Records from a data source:
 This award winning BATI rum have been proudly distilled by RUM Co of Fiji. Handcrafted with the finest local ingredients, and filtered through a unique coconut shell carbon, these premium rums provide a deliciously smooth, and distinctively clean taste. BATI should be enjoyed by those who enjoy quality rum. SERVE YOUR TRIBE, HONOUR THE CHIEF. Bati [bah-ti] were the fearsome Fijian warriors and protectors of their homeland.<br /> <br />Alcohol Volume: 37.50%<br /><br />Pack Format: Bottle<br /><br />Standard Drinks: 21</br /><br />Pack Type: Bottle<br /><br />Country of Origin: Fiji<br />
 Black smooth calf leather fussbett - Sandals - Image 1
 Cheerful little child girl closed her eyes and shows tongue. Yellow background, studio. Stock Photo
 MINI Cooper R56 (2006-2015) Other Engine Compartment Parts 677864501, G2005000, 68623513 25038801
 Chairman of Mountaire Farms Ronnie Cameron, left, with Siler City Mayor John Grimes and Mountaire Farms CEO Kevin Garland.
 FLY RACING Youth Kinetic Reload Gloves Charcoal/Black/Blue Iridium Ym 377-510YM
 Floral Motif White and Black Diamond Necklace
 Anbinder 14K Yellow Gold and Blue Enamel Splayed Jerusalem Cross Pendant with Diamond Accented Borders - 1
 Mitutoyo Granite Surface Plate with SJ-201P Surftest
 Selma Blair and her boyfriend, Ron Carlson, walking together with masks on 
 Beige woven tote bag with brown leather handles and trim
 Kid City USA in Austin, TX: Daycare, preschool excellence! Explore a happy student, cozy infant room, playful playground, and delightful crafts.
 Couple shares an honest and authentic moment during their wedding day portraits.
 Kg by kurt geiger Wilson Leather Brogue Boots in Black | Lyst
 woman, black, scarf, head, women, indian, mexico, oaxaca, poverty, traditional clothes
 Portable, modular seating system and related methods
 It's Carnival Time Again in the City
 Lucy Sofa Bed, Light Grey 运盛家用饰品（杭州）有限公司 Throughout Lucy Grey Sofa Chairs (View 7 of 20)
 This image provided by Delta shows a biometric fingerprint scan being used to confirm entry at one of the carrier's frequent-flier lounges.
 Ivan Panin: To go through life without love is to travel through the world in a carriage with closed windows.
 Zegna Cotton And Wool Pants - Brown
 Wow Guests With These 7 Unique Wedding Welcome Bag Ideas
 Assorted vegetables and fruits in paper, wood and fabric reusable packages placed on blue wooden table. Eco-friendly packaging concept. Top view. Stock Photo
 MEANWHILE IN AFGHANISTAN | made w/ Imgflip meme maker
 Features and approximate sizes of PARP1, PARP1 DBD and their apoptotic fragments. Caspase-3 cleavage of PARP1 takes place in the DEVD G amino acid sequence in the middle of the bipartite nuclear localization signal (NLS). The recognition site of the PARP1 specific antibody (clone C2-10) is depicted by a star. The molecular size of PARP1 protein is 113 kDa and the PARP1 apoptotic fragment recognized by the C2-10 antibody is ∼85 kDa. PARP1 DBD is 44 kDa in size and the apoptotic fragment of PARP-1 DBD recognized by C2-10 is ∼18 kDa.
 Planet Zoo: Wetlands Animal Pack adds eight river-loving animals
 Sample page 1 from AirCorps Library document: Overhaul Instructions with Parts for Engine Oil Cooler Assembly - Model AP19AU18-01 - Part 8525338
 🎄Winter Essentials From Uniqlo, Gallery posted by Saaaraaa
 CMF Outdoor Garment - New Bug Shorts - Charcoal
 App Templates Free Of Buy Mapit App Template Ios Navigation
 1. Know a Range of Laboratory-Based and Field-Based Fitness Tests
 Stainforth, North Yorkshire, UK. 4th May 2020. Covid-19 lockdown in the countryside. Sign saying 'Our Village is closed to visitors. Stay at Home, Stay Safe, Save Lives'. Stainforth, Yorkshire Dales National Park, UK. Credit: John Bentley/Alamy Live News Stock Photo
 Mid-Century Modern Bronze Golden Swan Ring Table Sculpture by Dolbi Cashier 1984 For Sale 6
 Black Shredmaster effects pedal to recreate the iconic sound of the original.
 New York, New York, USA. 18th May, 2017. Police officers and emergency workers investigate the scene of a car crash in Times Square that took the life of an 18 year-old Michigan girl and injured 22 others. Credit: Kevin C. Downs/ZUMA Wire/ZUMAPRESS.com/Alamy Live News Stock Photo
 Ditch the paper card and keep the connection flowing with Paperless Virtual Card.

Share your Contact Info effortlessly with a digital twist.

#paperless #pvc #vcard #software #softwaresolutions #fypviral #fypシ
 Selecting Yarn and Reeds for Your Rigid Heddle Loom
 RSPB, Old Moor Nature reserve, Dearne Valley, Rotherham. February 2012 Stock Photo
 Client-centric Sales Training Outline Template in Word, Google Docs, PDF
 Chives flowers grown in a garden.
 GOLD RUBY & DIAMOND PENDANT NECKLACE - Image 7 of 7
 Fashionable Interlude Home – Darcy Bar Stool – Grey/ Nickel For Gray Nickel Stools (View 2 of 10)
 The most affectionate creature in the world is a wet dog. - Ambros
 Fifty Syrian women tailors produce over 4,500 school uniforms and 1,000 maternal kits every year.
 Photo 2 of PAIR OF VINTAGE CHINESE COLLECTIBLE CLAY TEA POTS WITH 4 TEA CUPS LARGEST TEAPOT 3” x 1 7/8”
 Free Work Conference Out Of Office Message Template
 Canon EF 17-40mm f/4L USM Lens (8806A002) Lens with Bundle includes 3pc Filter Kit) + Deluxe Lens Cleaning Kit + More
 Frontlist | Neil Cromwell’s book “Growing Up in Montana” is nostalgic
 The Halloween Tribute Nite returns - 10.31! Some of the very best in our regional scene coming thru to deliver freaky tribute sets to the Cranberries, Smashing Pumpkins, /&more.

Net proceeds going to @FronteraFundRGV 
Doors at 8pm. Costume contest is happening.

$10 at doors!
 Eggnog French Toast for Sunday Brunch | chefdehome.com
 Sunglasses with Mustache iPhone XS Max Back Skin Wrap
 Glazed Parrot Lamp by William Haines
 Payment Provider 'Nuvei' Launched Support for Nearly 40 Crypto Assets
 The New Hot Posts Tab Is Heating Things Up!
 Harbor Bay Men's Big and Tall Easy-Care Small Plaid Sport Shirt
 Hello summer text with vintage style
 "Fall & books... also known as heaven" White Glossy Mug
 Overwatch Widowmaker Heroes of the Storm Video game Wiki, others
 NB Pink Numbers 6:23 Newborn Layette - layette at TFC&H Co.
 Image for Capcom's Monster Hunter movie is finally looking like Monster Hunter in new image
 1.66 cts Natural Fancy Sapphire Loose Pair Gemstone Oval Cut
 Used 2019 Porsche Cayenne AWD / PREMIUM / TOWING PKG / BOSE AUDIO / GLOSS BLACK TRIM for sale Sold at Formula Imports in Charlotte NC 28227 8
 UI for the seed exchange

• _EXERCISE BRIEF_: Write out the records in full, exactly as they appear above.

• _EXERCISE ANSWER_:
 This award winning BATI rum have been proudly distilled by RUM Co of Fiji. Handcrafted with the finest local ingredients, and filtered through a unique coconut shell carbon, these premium rums provide a deliciously smooth, and distinctively clean taste. BATI should be enjoyed by those who enjoy quality rum. SERVE YOUR TRIBE, HONOUR THE CHIEF. Bati [bah-ti] were the fearsome Fijian warriors and protectors of their homeland.<br /> <br />Alcohol Volume: 37.50%<br /><br />Pack Format: Bottle<br /><br />Standard Drinks: 21</br /><br />Pack Type: Bottle<br /><br />Country of Origin: Fiji<br />
 Black smooth calf leather fussbett - Sandals - Image 1
 Cheerful little child girl closed her eyes and shows tongue. Yellow background, studio. Stock Photo
 MINI Cooper R56 (2006-2015) Other Engine Compartment Parts 677864501, G2005000, 68623513 25038801
 Chairman of Mountaire Farms Ronnie Cameron, left, with Siler City Mayor John Grimes and Mountaire Farms CEO Kevin Garland.
 FLY RACING Youth Kinetic Reload Gloves Charcoal/Black/Blue Iridium Ym 377-510YM
 Floral Motif White and Black Diamond Necklace
 Anbinder 14K Yellow Gold and Blue Enamel Splayed Jerusalem Cross Pendant with Diamond Accented Borders - 1
 Mitutoyo Granite Surface Plate with SJ-201P Surftest
 Selma Blair and her boyfriend, Ron Carlson, walking together with masks on 
 Beige woven tote bag with brown leather handles and trim
 Kid City USA in Austin, TX: Daycare, preschool excellence! Explore a happy student, cozy infant room, playful playground, and delightful crafts.
 Couple shares an honest and authentic moment during their wedding day portraits.
 Kg by kurt geiger Wilson Leather Brogue Boots in Black | Lyst
 woman, black, scarf, head, women, indian, mexico, oaxaca, poverty, traditional clothes
 Portable, modular seating system and related methods
 It's Carnival Time Again in the City
 Lucy Sofa Bed, Light Grey 运盛家用饰品（杭州）有限公司 Throughout Lucy Grey Sofa Chairs (View 7 of 20)
 This image provided by Delta shows a biometric fingerprint scan being used to confirm entry at one of the carrier's frequent-flier lounges.
 Ivan Panin: To go through life without love is to travel through the world in a carriage with closed windows.
 Zegna Cotton And Wool Pants - Brown
 Wow Guests With These 7 Unique Wedding Welcome Bag Ideas
 Assorted vegetables and fruits in paper, wood and fabric reusable packages placed on blue wooden table. Eco-friendly packaging concept. Top view. Stock Photo
 MEANWHILE IN AFGHANISTAN | made w/ Imgflip meme maker
 Features and approximate sizes of PARP1, PARP1 DBD and their apoptotic fragments. Caspase-3 cleavage of PARP1 takes place in the DEVD G amino acid sequence in the middle of the bipartite nuclear localization signal (NLS). The recognition site of the PARP1 specific antibody (clone C2-10) is depicted by a star. The molecular size of PARP1 protein is 113 kDa and the PARP1 apoptotic fragment recognized by the C2-10 antibody is ∼85 kDa. PARP1 DBD is 44 kDa in size and the apoptotic fragment of PARP-1 DBD recognized by C2-10 is ∼18 kDa.
 Planet Zoo: Wetlands Animal Pack adds eight river-loving animals
 Sample page 1 from AirCorps Library document: Overhaul Instructions with Parts for Engine Oil Cooler Assembly - Model AP19AU18-01 - Part 8525338
 🎄Winter Essentials From Uniqlo, Gallery posted by Saaaraaa
 CMF Outdoor Garment - New Bug Shorts - Charcoal
 App Templates Free Of Buy Mapit App Template Ios Navigation
 1. Know a Range of Laboratory-Based and Field-Based Fitness Tests
 Stainforth, North Yorkshire, UK. 4th May 2020. Covid-19 lockdown in the countryside. Sign saying 'Our Village is closed to visitors. Stay at Home, Stay Safe, Save Lives'. Stainforth, Yorkshire Dales National Park, UK. Credit: John Bentley/Alamy Live News Stock Photo
 Mid-Century Modern Bronze Golden Swan Ring Table Sculpture by Dolbi Cashier 1984 For Sale 6
 Black Shredmaster effects pedal to recreate the iconic sound of the original.
 New York, New York, USA. 18th May, 2017. Police officers and emergency workers investigate the scene of a car crash in Times Square that took the life of an 18 year-old Michigan girl and injured 22 others. Credit: Kevin C. Downs/ZUMA Wire/ZUMAPRESS.com/Alamy Live News Stock Photo
 Ditch the paper card and keep the connection flowing with Paperless Virtual Card.

Share your Contact Info effortlessly with a digital twist.

#paperless #pvc #vcard #software #softwaresolutions #fypviral #fypシ
 Selecting Yarn and Reeds for Your Rigid Heddle Loom
 RSPB, Old Moor Nature reserve, Dearne Valley, Rotherham. February 2012 Stock Photo
 Client-centric Sales Training Outline Template in Word, Google Docs, PDF
 Chives flowers grown in a garden.
 GOLD RUBY & DIAMOND PENDANT NECKLACE - Image 7 of 7
 Fashionable Interlude Home – Darcy Bar Stool – Grey/ Nickel For Gray Nickel Stools (View 2 of 10)
 The most affectionate creature in the world is a wet dog. - Ambros
 Fifty Syrian women tailors produce over 4,500 school uniforms and 1,000 maternal kits every year.
 Photo 2 of PAIR OF VINTAGE CHINESE COLLECTIBLE CLAY TEA POTS WITH 4 TEA CUPS LARGEST TEAPOT 3” x 1 7/8”
 Free Work Conference Out Of Office Message Template
 Canon EF 17-40mm f/4L USM Lens (8806A002) Lens with Bundle includes 3pc Filter Kit) + Deluxe Lens Cleaning Kit + More
 Frontlist | Neil Cromwell’s book “Growing Up in Montana” is nostalgic
 The Halloween Tribute Nite returns - 10.31! Some of the very best in our regional scene coming thru to deliver freaky tribute sets to the Cranberries, Smashing Pumpkins, /&more.

Net proceeds going to @FronteraFundRGV 
Doors at 8pm. Costume contest is happening.

$10 at doors!
 Eggnog French Toast for Sunday Brunch | chefdehome.com
 Sunglasses with Mustache iPhone XS Max Back Skin Wrap
 Glazed Parrot Lamp by William Haines
 Payment Provider 'Nuvei' Launched Support for Nearly 40 Crypto Assets
 The New Hot Posts Tab Is Heating Things Up!
 Harbor Bay Men's Big and Tall Easy-Care Small Plaid Sport Shirt
 Hello summer text with vintage style
 "Fall & books... also known as heaven" White Glossy Mug
 Overwatch Widowmaker Heroes of the Storm Video game Wiki, others
 NB Pink Numbers 6:23 Newborn Layette - layette at TFC&H Co.
 Image for Capcom's Monster Hunter movie is finally looking like Monster Hunter in new image
 1.66 cts Natural Fancy Sapphire Loose Pair Gemstone Oval Cut
 Used 2019 Porsche Cayenne AWD / PREMIUM / TOWING PKG / BOSE AUDIO / GLOSS BLACK TRIM for sale Sold at Formula Imports in Charlotte NC 28227 8
 UI for the seed exchange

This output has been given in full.